Does anyone know what I could be doing to cause POI to generate the files differently or why excel thinks that these changes make it invalid? I've searched a lot for errors with POI and corrupted excel files and it looked like there were several bugs in POI were it could corrupt existing files or break creating large files, but nothing that looked like it applied in this case. I saw several questions here that looked like they could be similar but didn't end up applying.
When I change the xlsx files created before and after to zip files and extract them then compare the directories with windiff the differences are (working -> corrupted).
[content_types].xml
<?xml version="1.0" encoding="UTF-8" standalone="no"?> -> <?xml version="1.0" encoding="UTF-8" standalone="yes"?>
<Types xmlns="http://schemas.openxmlformats.org/package/2006/content-types"> -> <Types>
_rels.rels, _rels\workbook.xml.rels
<?xml version="1.0" encoding="UTF-8" standalone="no"?>
-> <?xml version="1.0" encoding="UTF-8" standalone="yes"?>
<Relationships xmlns="http://schemas.openxmlformats.org/package/2006/relationships"> -> <Relationships>
docprops\core.xml
The time created is different
<?xml version="1.0" encoding="UTF-8" standalone="no"?> -> <?xml version="1.0" encoding="UTF-8" standalone="yes"?>
xl\styles.xml
the numFmtId is 1 lower
xl\worksheets\sheet1.xml, docprops\app.xml, xl\sharedstrings.xml, xl\workbook.xml
Identical
My company is using a local artifactory repository instead of pointing at the official maven repository, so it's been lots of fun loading all the dependencies in. My assumption is that this is caused by a jar I'm missing or using the wrong version, but I'm not actually generating any errors, just getting a bad file.
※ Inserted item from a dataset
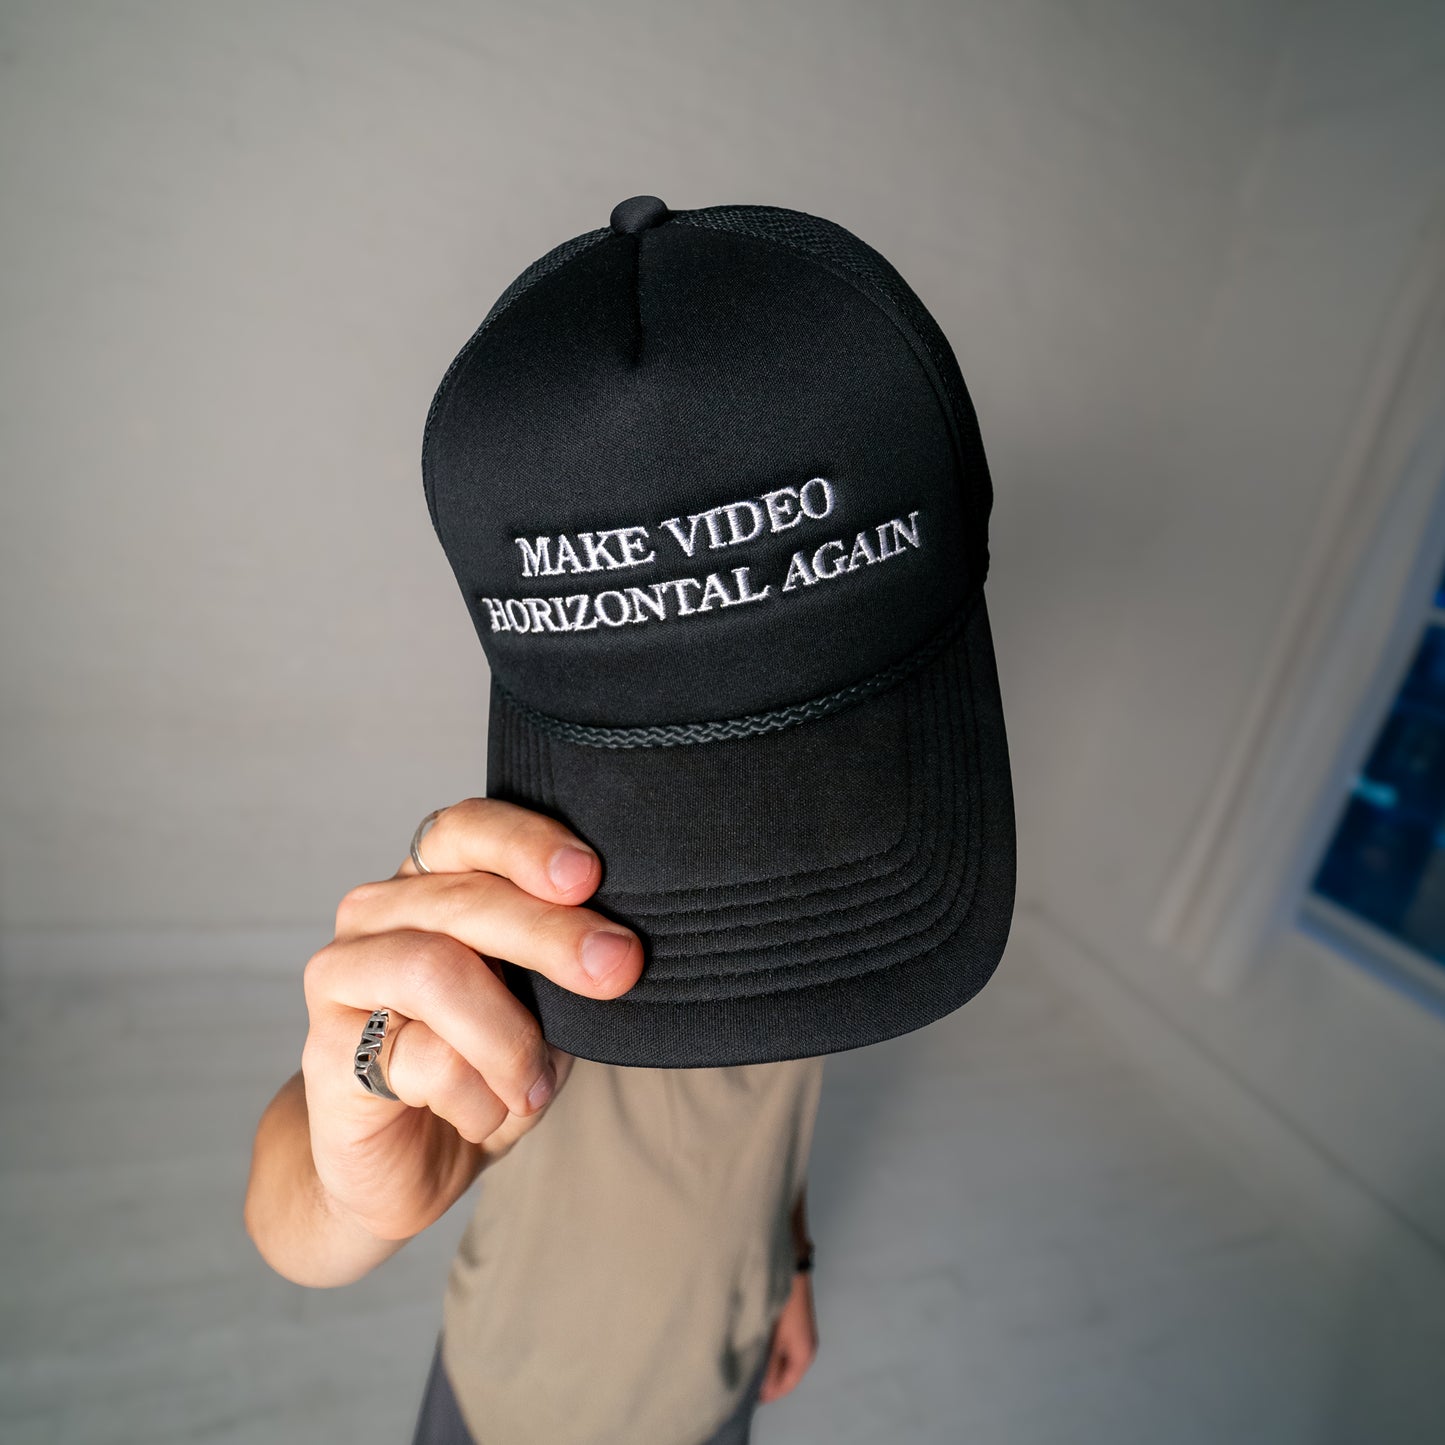 "Make Video Horizontal Again" - Trucker Hat

I'm including poi-3.1.11.jar, poi-ooxml-3.11.jar, and poi-ooxml-schemas-3.11.jar. Previously we had commons-codec 1.9 in tomcat/lib and commons-codec 1.3 in WEB-INF/lib. Under maven I've included 1.9, although I also tried going back to 1.3 and the file was still corrupted.
I tried upgrading to all of the poi versions to 3.1.14, but that didn't solve it. I tried going back to the exact poi[-ooxml-schemas]-3.11-20141221 jars that were working before but that didn't solve it. I tried switching the SXSSFWorkbook to a normal XSSFWorkbook but that didn't solve it.
Here is a list of jars that I removed when converting to maven, would any of these have any affect on apache poi?
ecj-4.5.1
el-impl-2.2
itext-2.0.8
jimi-1.0
js
opencsv-1.8
standard (1.1.2)
Upvotes: 2
Views: 3716
Reputation: 11
Thanks for describing this issue, Tim.
In my case, the root cause of this problem was different. There are no explicit or transitive dependencies on Xalan or Xerces in my project.
I use Joost and I decided to set the system property instead of using their class in the code:
System.setProperty(TransformerFactory::class.java.name, "net.sf.joost.trax.TransformerFactoryImpl")
After this line is called POI generates broken Excel files because it starts using net.sf.joost.trax.TransformerFactoryImpl internally.
Upvotes: 0
Reputation: 1514
I had exactly the same issue went through the same steps. For me removing xalan
dependency which was inherited into my project by another dependency by excluding it, didn't help. I added the latest version of xalan (xalan 2.7.1
) and it saved my day.
Upvotes: 1
Reputation: 181
It turned out to be caused by a jar (xalan-2.4.1) that was pulled in as a dependency of fop-0.20.05 that hadn't been included before converting to maven. Once I excluded that dependency it creates valid files again. I should have been suspicious of all of those really old jars from 2002 & 2003.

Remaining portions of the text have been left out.